Secret Weblog Highlights

Martijn Faassen

2019-09-24 22:45

This is an old blog by now. I started it in 2005. But I'm not old! No way!

Over the years I wrote a lot of stuff. Sprinkled throughout are entries that I think are still relevant. So if you'd like, join me in my little journey through the history of my secret weblog. Warning: it's mostly about software development in one way or another.

In a few places I will brag about my uncanny ability to invent future web development trends just in time -- around the same time other people are more successfully inventing them.

What is Pythonic?

What is Pythonic? from 2005 is one of the earliest entries in my blog, and one of the most popular ones. It's because it answers a question many who learn Python will ask: what the heck does "Pythonic?" mean?

Programming

Under-engineering, over-engineering, right-engineering talks about the careful balancing act we have to do as developers: what's the Goldilocks zone of engineering complexity for a particular problem?

Debugging Strategy: easy stuff first gives the following advice: even though the bug can't possibly be caused by a thing, if that thing is quick and easy to check, check anyway.

The Story of None is a series of posts about how to deal with None/null/undefined in software. It touches on guard clauses, validation and normalization.

Life at the Boundaries: Conversion and Validation goes into application layering and what we do at the boundaries. A lot of creative software development is establishing and guarding boundaries in applications and frameworks.

Punctuated Equilibrium in Software is a case study of the conceptual changes that happened over the course of a few years in one of the software libraries I wrote.

And just recently I wrote Refactoring to Multiple Exit Points.

Python 3 transition

Last year (2018), I read an article on lwn that said the following:

The switch from Python 2 to 3 is a huge job; one might guess that it is orders of magnitude larger than anyone had anticipated back in the heady days of Python 3000 (around 2007, say).

Anyone, you say? In 2007, I wrote Brief Python 3000 thoughts. The Greek myth of Cassandra resonates with me now. I am glad the end of this transition now appears to be in sight at last.

I think the Gravity of Python 2 (from 2014) is the most insightful article of the bunch I wrote on this topic - it talks about the invisible hands that were holding back Python 3 adoption. I think these forces apply in any widely used foundational software that breaks compatibility.

Modern client-side times

In an otherwise not very relevant article in 2009, I wrote this:

If I can count techniques I've been trying to pioneer myself: Template-driven development where the web browser renders the templates. This along with the notion of client-side views can lead to surprisingly clean rich client-side apps.

Client-side templates and views are now a huge thing on the web. But when I wrote the article, Backbone and Angular were almost a year away still.

In 2011, I wrote about my experiment in 2003, when I first tried to build a client-side template language:

I told other developers about it, and they all asked "why?". My answer was something like "I don't know man, it's just cool!"

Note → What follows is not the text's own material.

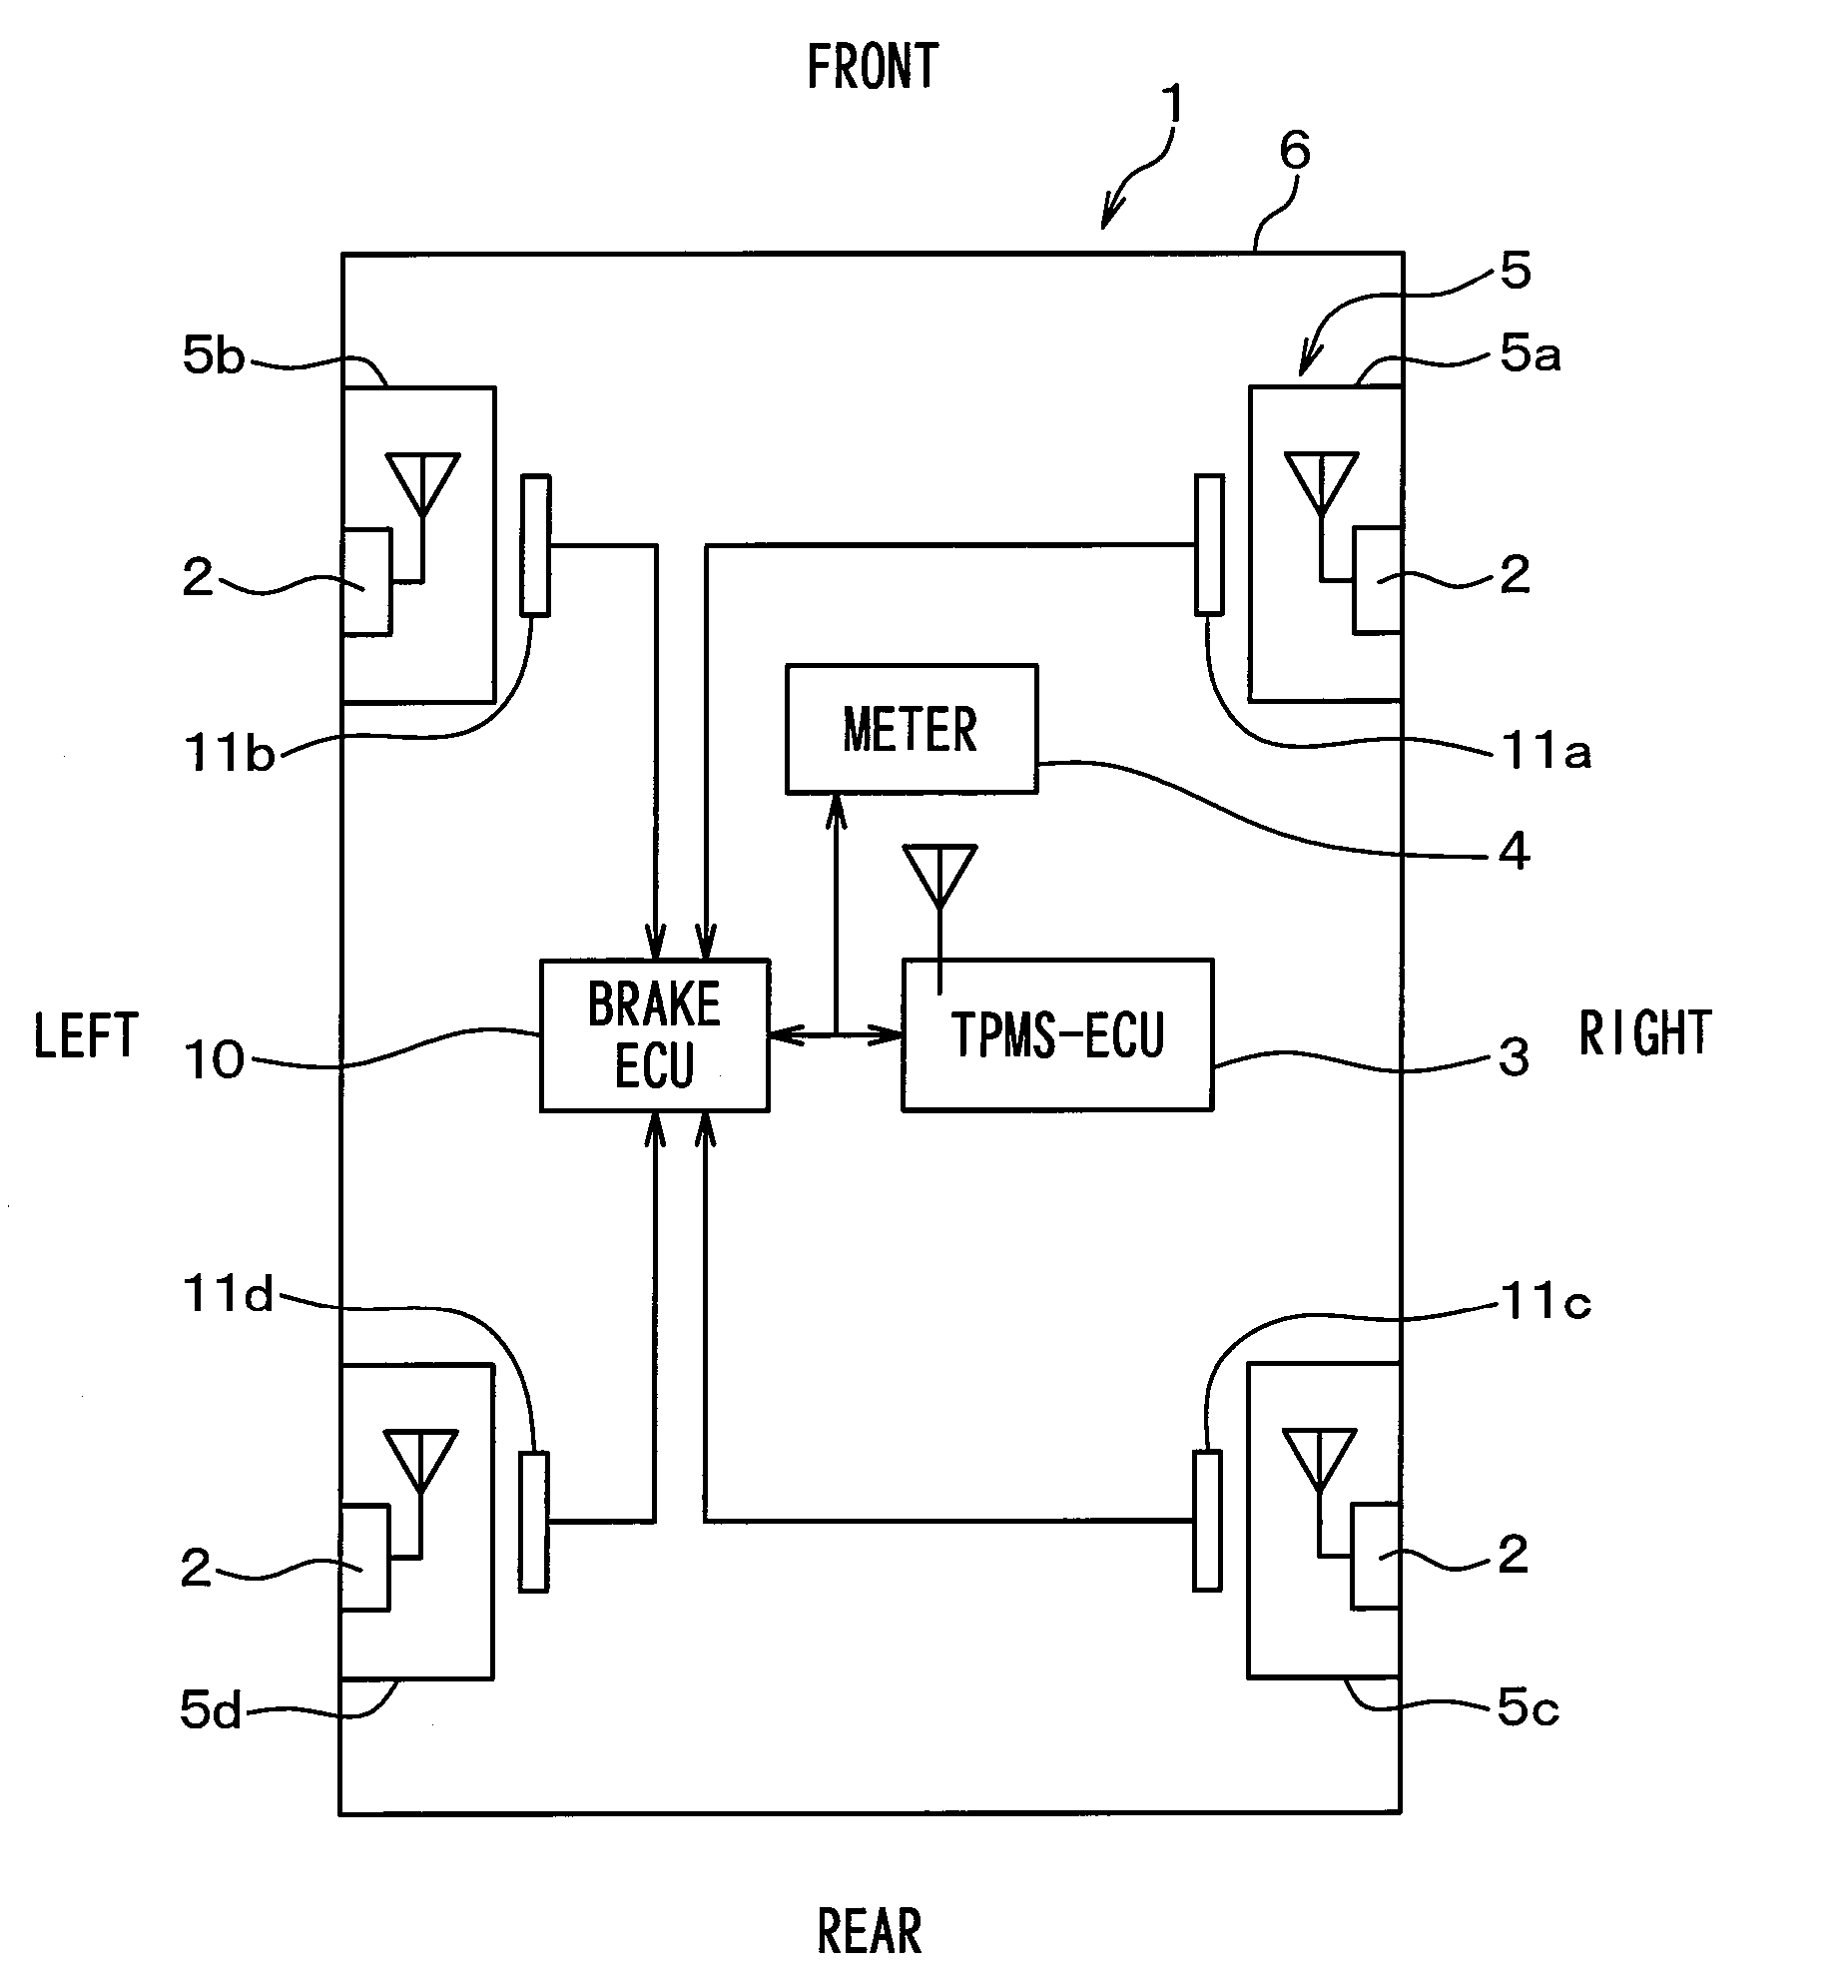 Wheel position detector and tire inflation pressure detector having the same

(my apologies for the gendered language)

In the article I discuss how client-side frameworks affect the architecture of web applications.

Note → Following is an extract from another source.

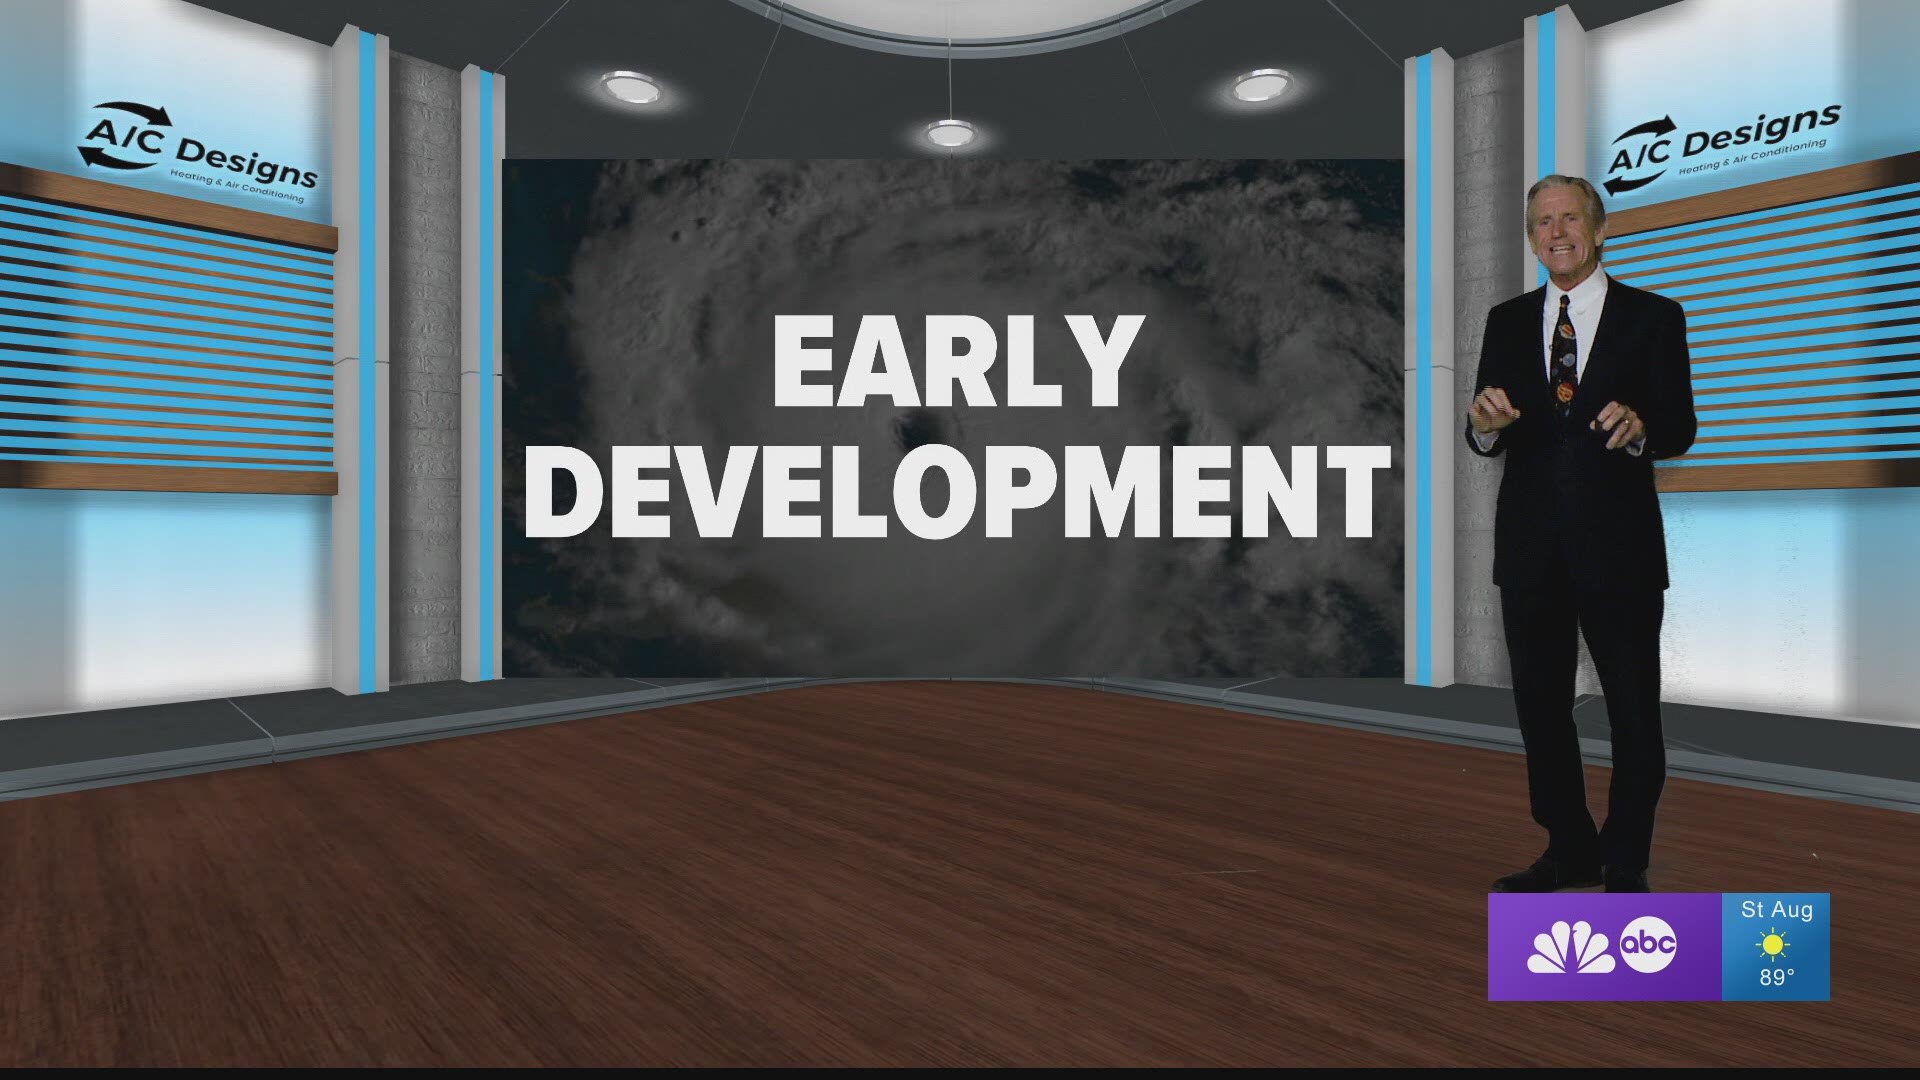 This week, First Coast News Storm Expert Tim Deegan dives deep into the early stages of a developing cyclone and that factors that can take a cluster of thunderstorms into a Category 1 Hurricane.

In Modern Client-Side Times I explore what the client-side revolution means for the backend web framework.

I like writing retrospectives. If you like reading them, you can read my Seven Years: A Very Personal History of the Web, from 2017.

Open Source

In The importance of communication I tell the tale of how making lots of noise helped me in open source. I do make a lot of noise. I admit it can be a bit much. But it has also benefited me and it may benefit you.

I discuss how to handle ideas when they are offered to an open source project.

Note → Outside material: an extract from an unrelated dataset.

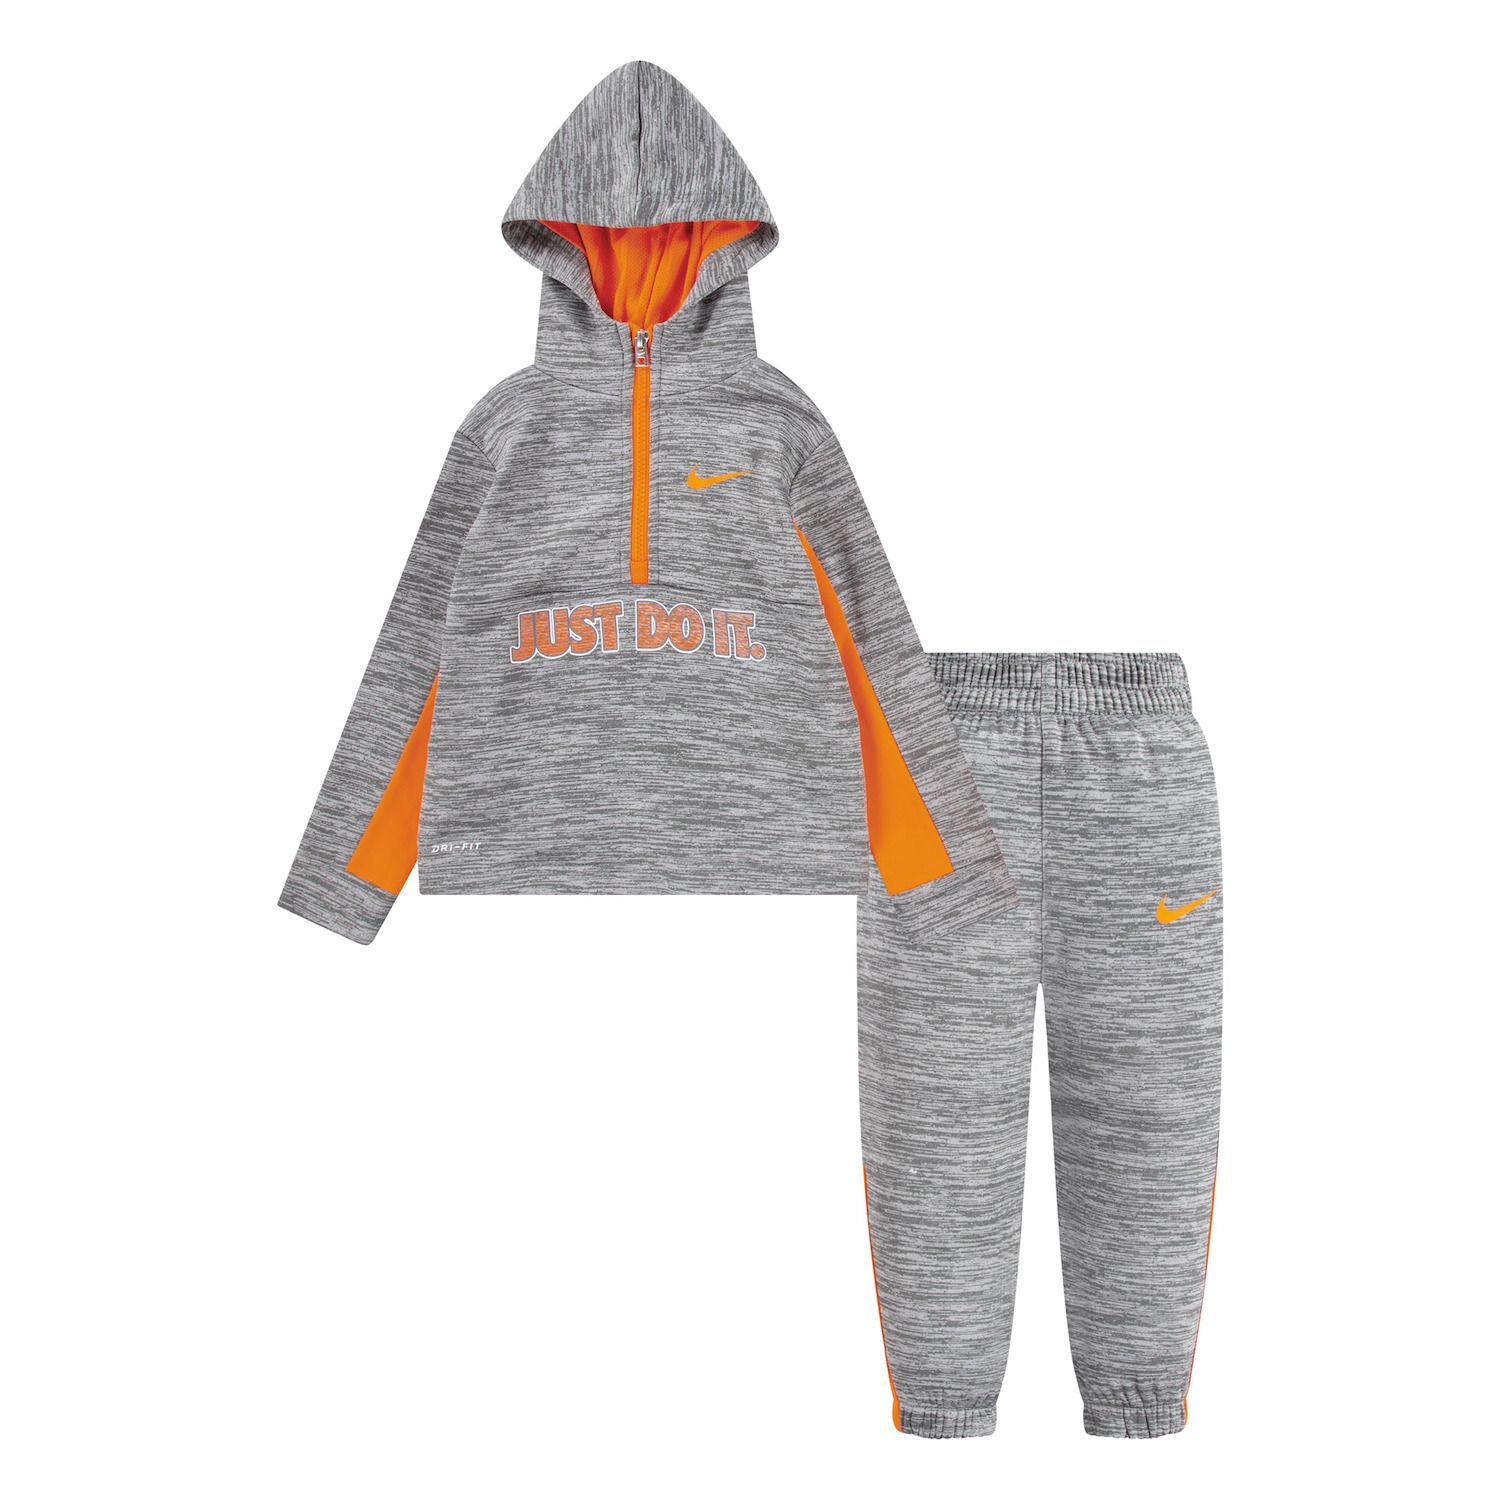 women's nike hoodie and jogger set

In a massive multi-part retrospective on the epic story of the rise and fall of Zope, I describe the evolution of that ancient web framework and my involvement in it. It's a story that's Dan Abramov Approved (tm)!

Names are important. I tell you how not to name software.

I also explain why I think open source projects shouldn't have "contrib" directories.

In 2015 I write about the history of reselect, a popular JS library I accidentally helped to call into existence.

Miscellaneous topics

On occasion I've also written about topics on my blog that aren't about software development.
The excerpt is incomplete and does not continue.